Auナノ粒子包埋SPRバイオセンサーによる標的プライミングローリングサークル増幅によるマイコバクテリウムゲノムDNAのリアルタイムモニタリング

この研究では、2つの病原性マイコバクテリアの等温および迅速な検出のためのターゲットプライミングローリングサークル増幅（RCA）に基づく表面プラズモン共鳴（SPR）DNAバイオセンサーアレイを開発しました。。種固有の南京錠プローブ（PLP）は、16S-23S rRNA遺伝子内部転写スペーサー（ITS）。ライゲーション後、円形のPLPは、初期RCAのターゲットシーケンスによってプライミングされる可能性があります。RCAは、切断反応と同時に実行され、単一鎖DNAの小さな断片を生成し、変性せずにセンサーチップに固定されたプローブですぐにハイブリダイズしました。このプロセスにより、チップ表面のSPR角度の変化が発生したため、ソリューションからの分析の検出が達成可能であり、Mycobacteriumの動的リアルタイムRCAモニタリングが可能になりました。さらに、Auナノ粒子（AUNP）は、ラベルフリー検出システムとしての感度を高めるために、ヘキサネジオール（HDT）を介してセンサーチップの表面に直接組み立てられました。実験結果は、AUNPS包埋された表面とターゲットプライミングされたRCAによる信号の強化が、裸のSPRチップ法の従来のRCAと比較して、少なくとも10倍の感度の増加を引き起こしたことを示しています。臨床サンプルからの20amolの合成ターゲットの20amolと10（4）のゲノムDNAの40分以内に、臨床サンプルからのゲノムDNAのcfuml（-1）以内に検出できます。提案された方法は、液相増幅モニタリングの単純な設計アイデアを提供するだけでなく、臨床病原体検出にも適用します。

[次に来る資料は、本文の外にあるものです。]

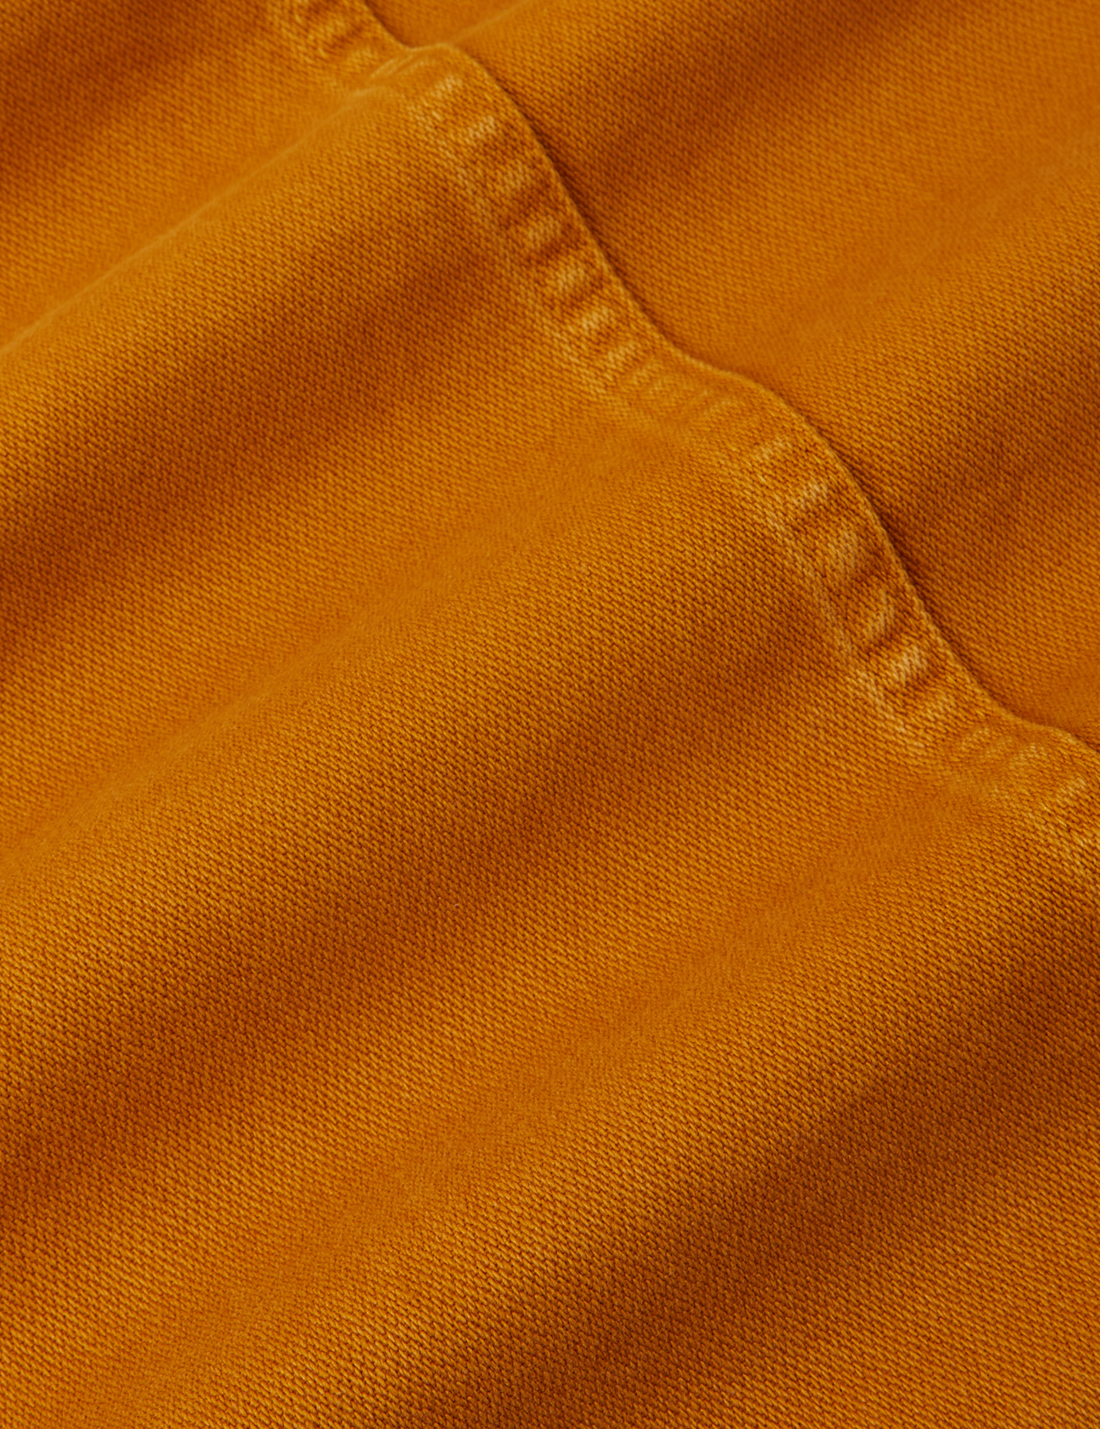 Denim Work Jacket in Spicy Mustard fabric detail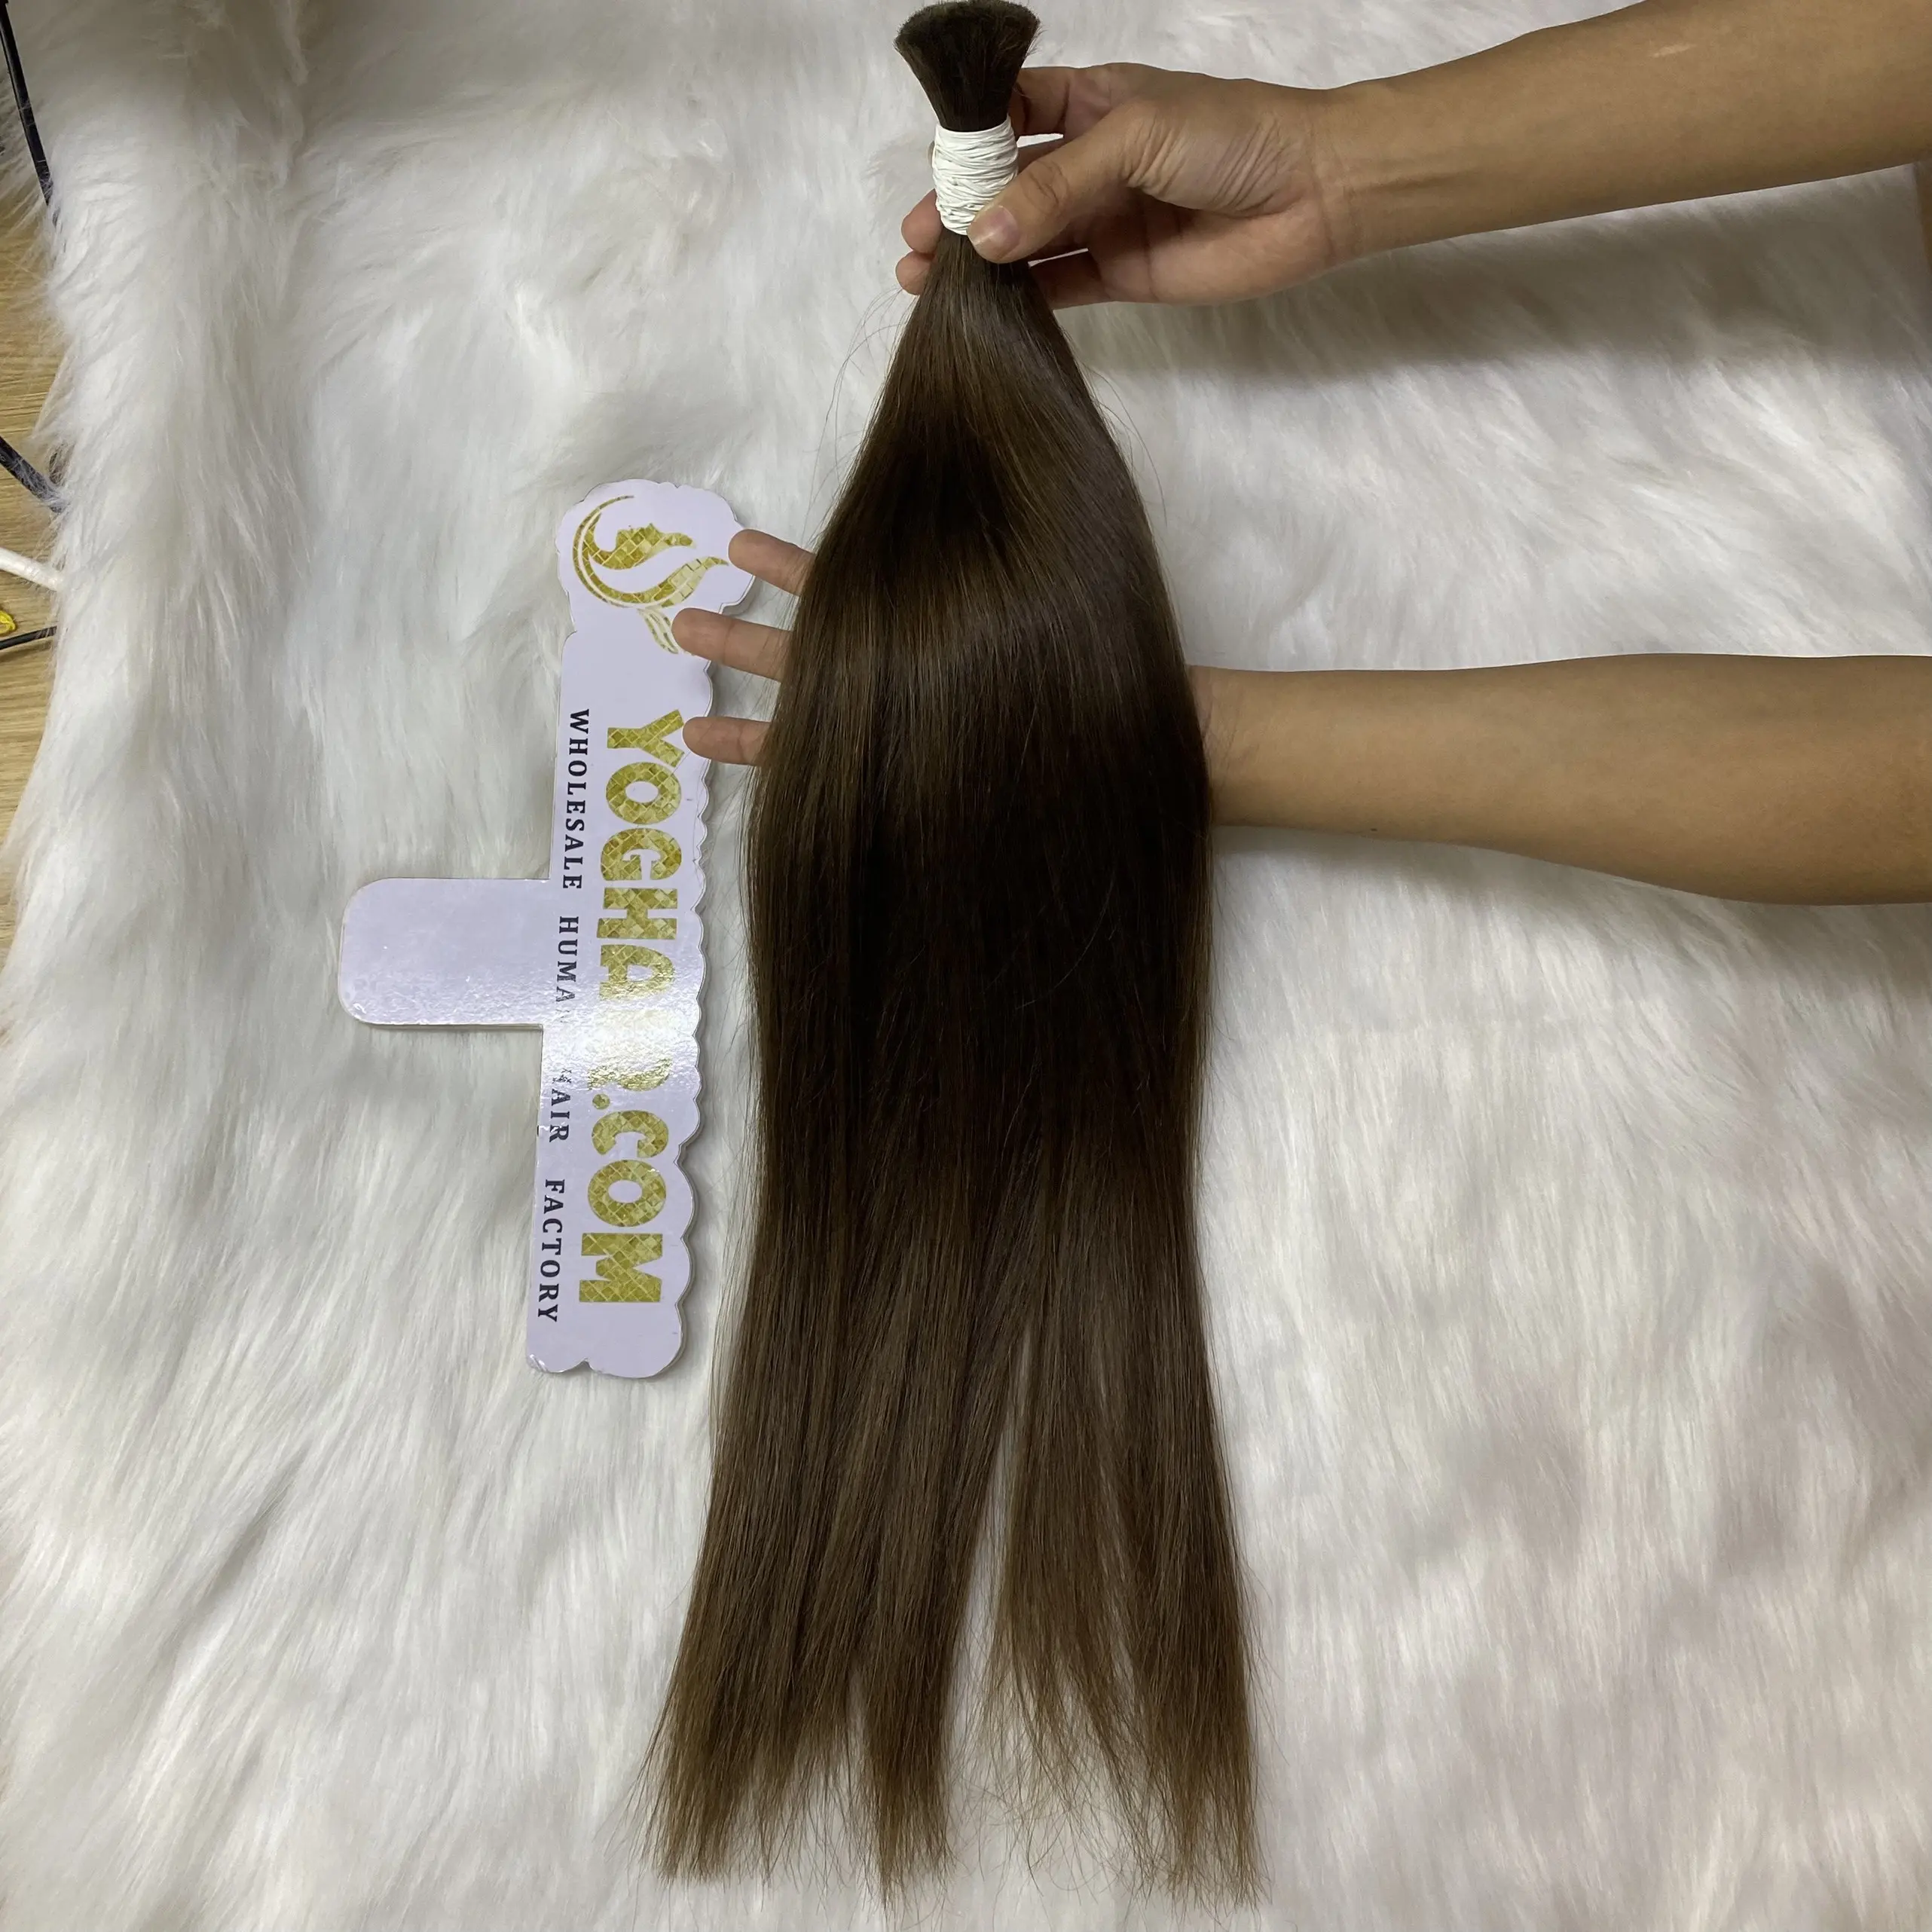 Kaufen Sie hochwertiges Bulk-Haar Schnelle Lieferung menschliches vietnam esisches Haar Unverarbeitetes rohes jungfräuliches Haar

In this study, we developed a surface plasmon resonance (SPR) DNA biosensor array based on target-primed rolling circle amplification (RCA) for isothermal and rapid detection of two pathogenic mycobacteria, Mycobacterium tuberculosis complex (MTBC) and Mycobacterium avium complex (MAC).The species-specific padlock probe (PLP) was designed to target the sequence in 16S-23S rRNA gene internal transcribed spacer (ITS). After ligation, the circularized PLP could be primed by the target sequence to initial RCA. The RCA performed simultaneously with the cleavage reaction to produce small fragments of single strand DNA which immediately hybridized with the probe immobilized on the sensor chip without denaturation. This process caused SPR angle changes on the chip surface, which made the detection for analysis from the solution achievable, and dynamic real-time RCA monitoring of mycobacterium possible. Besides, Au nanoparticles (AuNPs) were directly assembled onto the surface of the sensor chip via hexanedithiol (HDT) for the enhancement of sensitivity as a label-free detection system. Experimental results show that the signal enhancement by the target-primed RCA together with AuNPs-embedded surface caused at least10-fold increased sensitivity as compared with conventional RCA on bare SPR chip method. Within 40min amplification duration as low as 20amol of synthetic targets and 10(4)CFUmL(-1) of genomic DNA from clinical samples can be detected. The proposed method not only provides a simple design idea for liquid-phase amplification monitoring, but also apply it in clinical pathogen detection, which holds great promise in ultrasensitive bioassay in the future.